Свидетельства о знакомстве Эренбурга с ранними стихами Ахматовой – не косвенные. Первое упоминание Эренбургом ее имени в статье, напечатанной в парижском журнале «Гелиос», где поэты новой смены – Городецкий 7, Клюев, Зенкевич, Ахматова и Цветаева – противопоставляются символистам: «Ахматова, описывая душу современной женщины, не прибегает к трафаретам какой-нибудь «декадентской» поэтессы вроде Вилькиной 8, ни к сравнениям женщин с «ведьмовскими напитками» и т. п. (Брюсов), но исходит от того, что мы видим ежедневно, за оболочкой обнажая женскую душу» 9. В статье «Новые поэтессы» Эренбург отметил: «Появившиеся за последнее время «женские стихи» показали нам, что, быть может, лишь в душе женщины сохранилась какая-то обостренная чувствительность всего и умение неожиданно с интимной иронией, с ядовитой нежностью, со слезами в голосе, с улыбкой на лице подойти к темам, являвшимся до сих пор почти недоступными для поэзии. «Перчатки и треуголки» Ахматовой, «Деревянные домики» Цветаевой неожиданно открыли новый мир, научили с особенной тревогой брать в руки новую женскую книгу» 10.

Не только человеческие и географические, но и поэтические судьбы Эренбурга и Ахматовой складывались непохоже.

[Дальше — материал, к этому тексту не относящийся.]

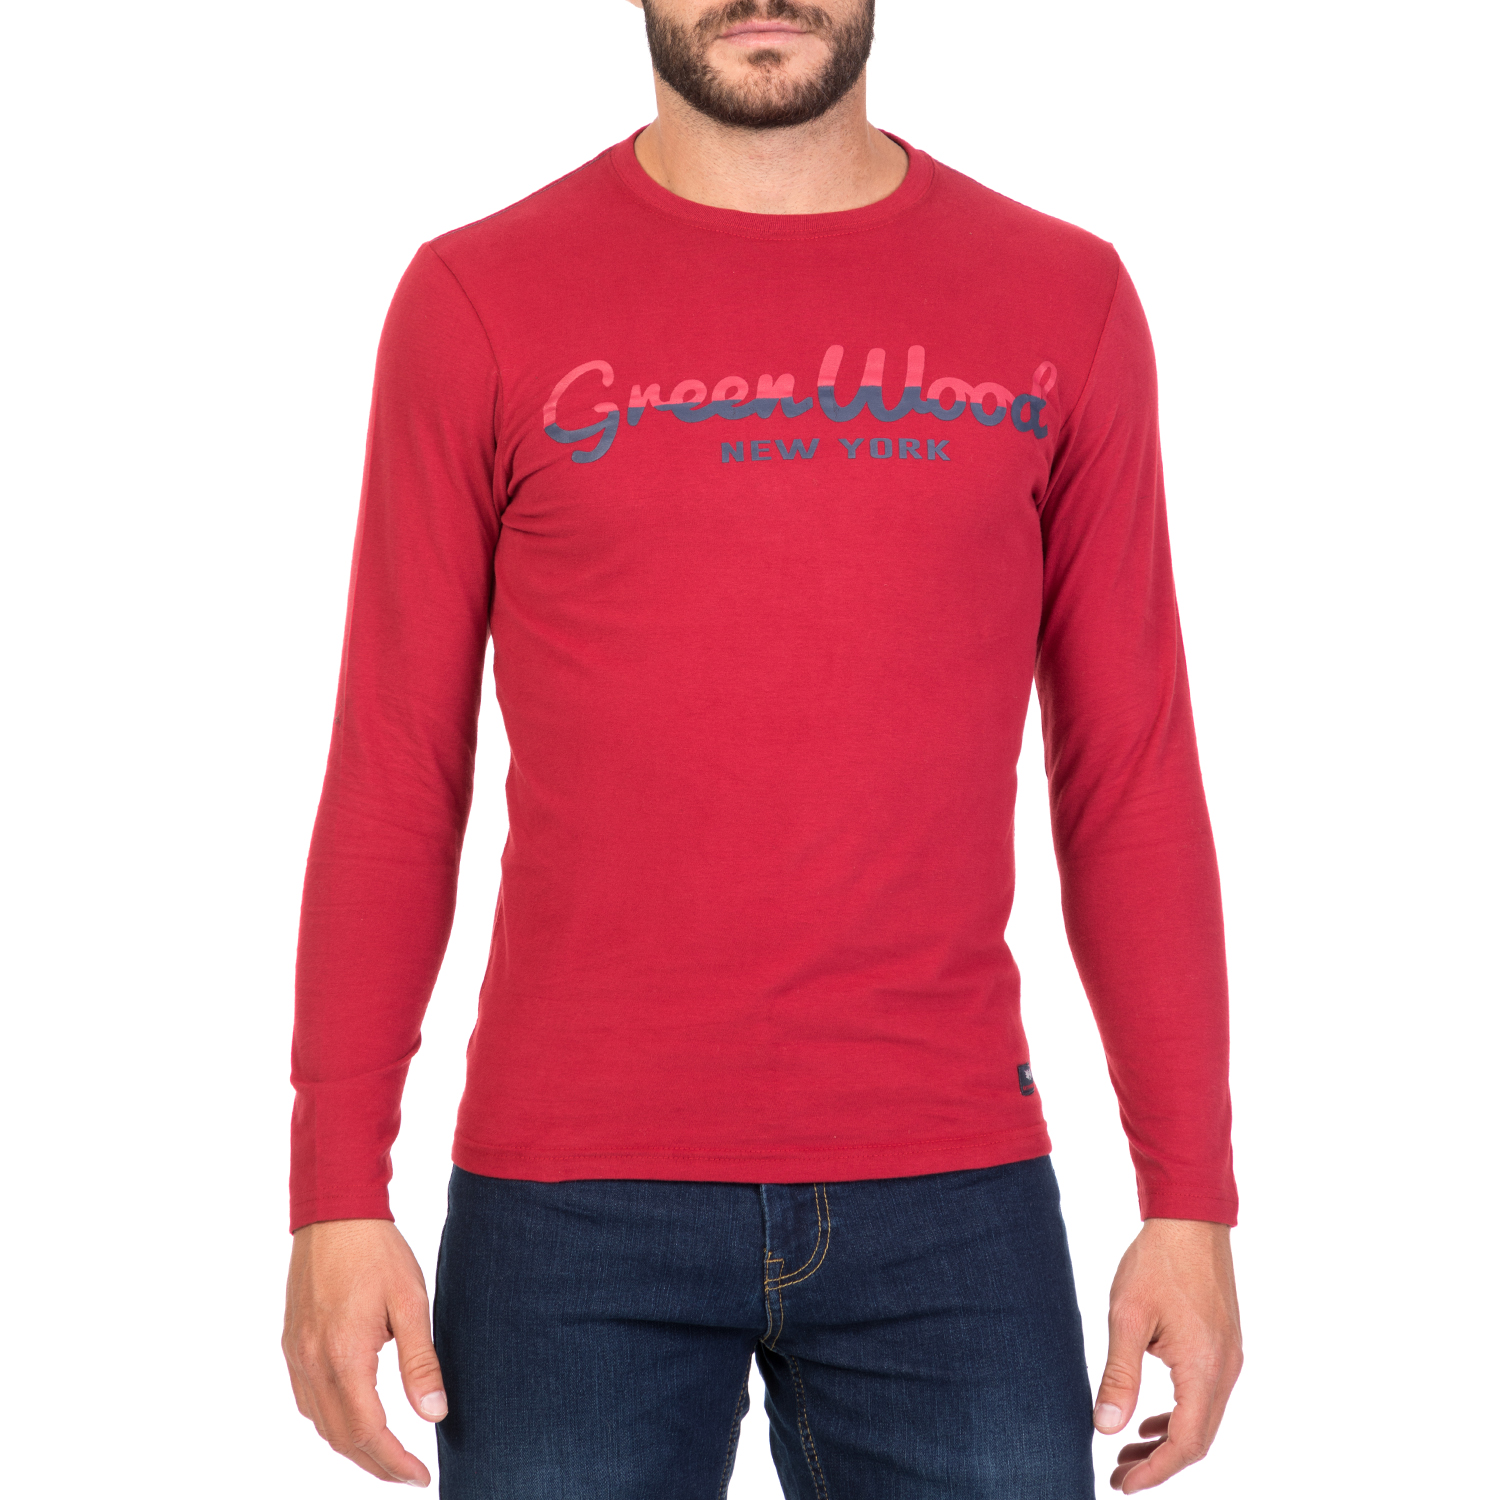 Ανδρικά/Ρούχα/Μπλούζες/Μακρυμάνικες GREENWOOD - Ανδρική μακρυμάνικη μπλούζα GREENWOOD κόκκινη

Если «ранней Ахматовой не было» 11, то выпускавший ежегодно новую и непохожую на предыдущие книжку стихов Эренбург искал себя и обрел свой голос лишь в стихах 1915 года, которые уже никому не приходило в голову относить к акмеизму – так расшатана их форма, столько в них поэтического отчаянья, надрыва и прозрений, порожденных мировой войной.

Весной и летом 1916 года Эренбург рассылал свои новые книги – «Стихи о канунах» и литографированную «Повесть о жизни некой Наденьки» с иллюстрациями Диего Риверы. Сохранился ахматовский экземпляр «Наденьки» 12. Уцелел ли ахматовский экземпляр «Стихов о канунах», неизвестно, но А. А. их знала: там впервые были напечатаны стихи, посвященные Амедео Модильяни, – единственный тогда сигнал о художнике, дошедший до Ахматовой («Потом, в тридцатые годы, мне много рассказывал о нем Эренбург, который посвятил ему стихи в книге «Стихи о канунах», и знал его в Париже позже, чем я» 13).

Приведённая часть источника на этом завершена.